In response to political pressure exerted not only by the United States, the European countries (mildly) and, even the UN (even more mildly), as well as Egypt and Jordan, Hamas has said yah-boo. In an interview with the Washington Times a leading Hamas official Mahmoud Zahar said that the West could take its aid and “get lost”.

Hamas, he and his colleagues have been proclaiming, will not abandon its struggle against that “illegitimate entity”, Israel.

There would be low-level discussions on technical matters with Israel (presumably ways and means of getting the money that Israel has put into an escrow account) but nothing else.

Previous discussions had led to nowhere (mostly because they were broken off at a to him convenient moment by Chairman Yasser Arafat) and they “had only enmeshed the Palestinian Authority (PA) in "corrupt relationships" with the Jewish state”.

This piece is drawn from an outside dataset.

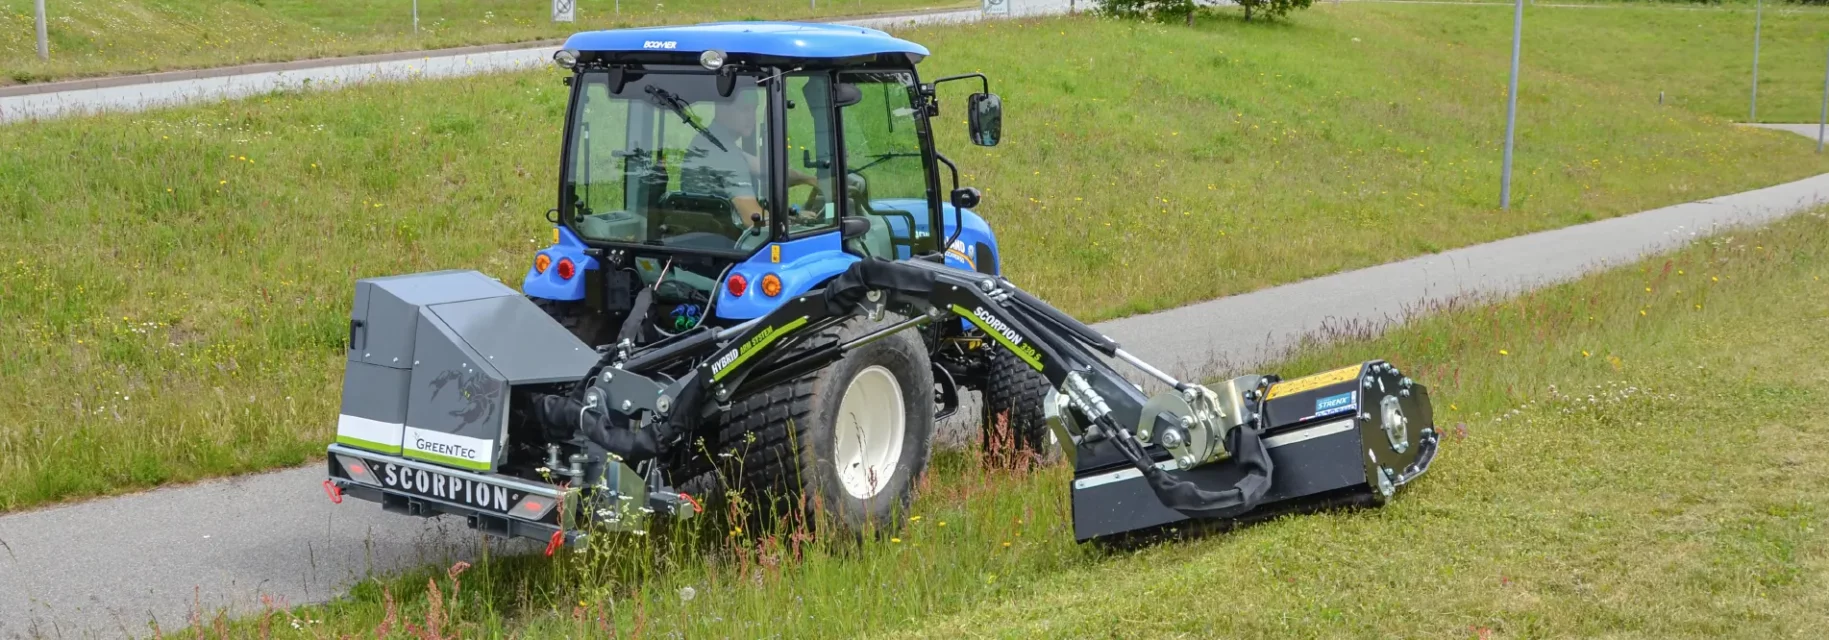 Hydraulisk slagleklipper monteret på lille traktor
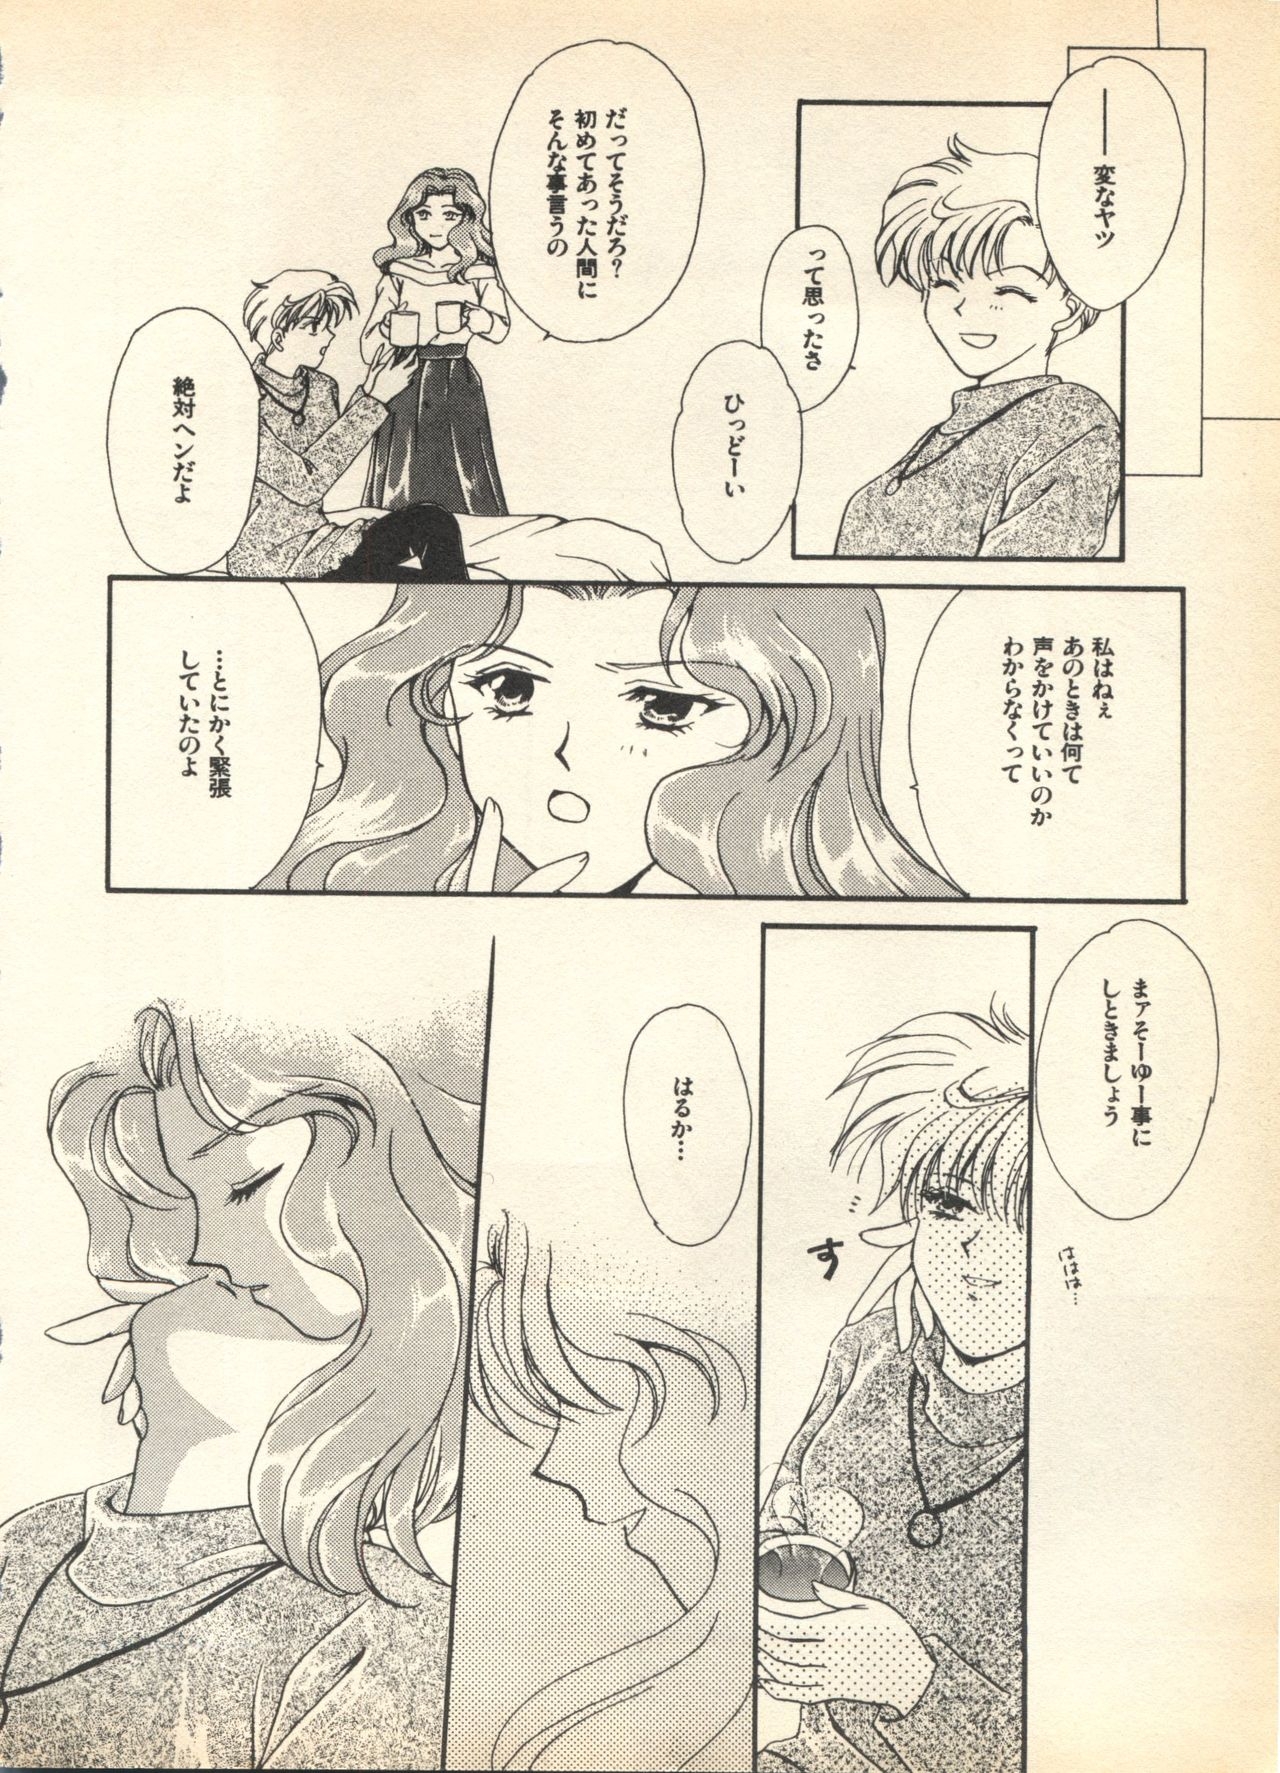 [Anthology] Lunatic Party 7 (Bishoujo Senshi Sailor Moon) 187

We are talking here of a territory, for the people there have hardly shown themselves to be ready to create a state, in which there is 70 per cent unemployment. Well over half the people live on less than $2 a day, which is the official international poverty line, and the others on not much more.

This, despite the fact that more aid has been pumped into the Palestinian territory per man, woman and child than to any other part of the world. Where the money is nobody knows for sure though informed guesses have been made.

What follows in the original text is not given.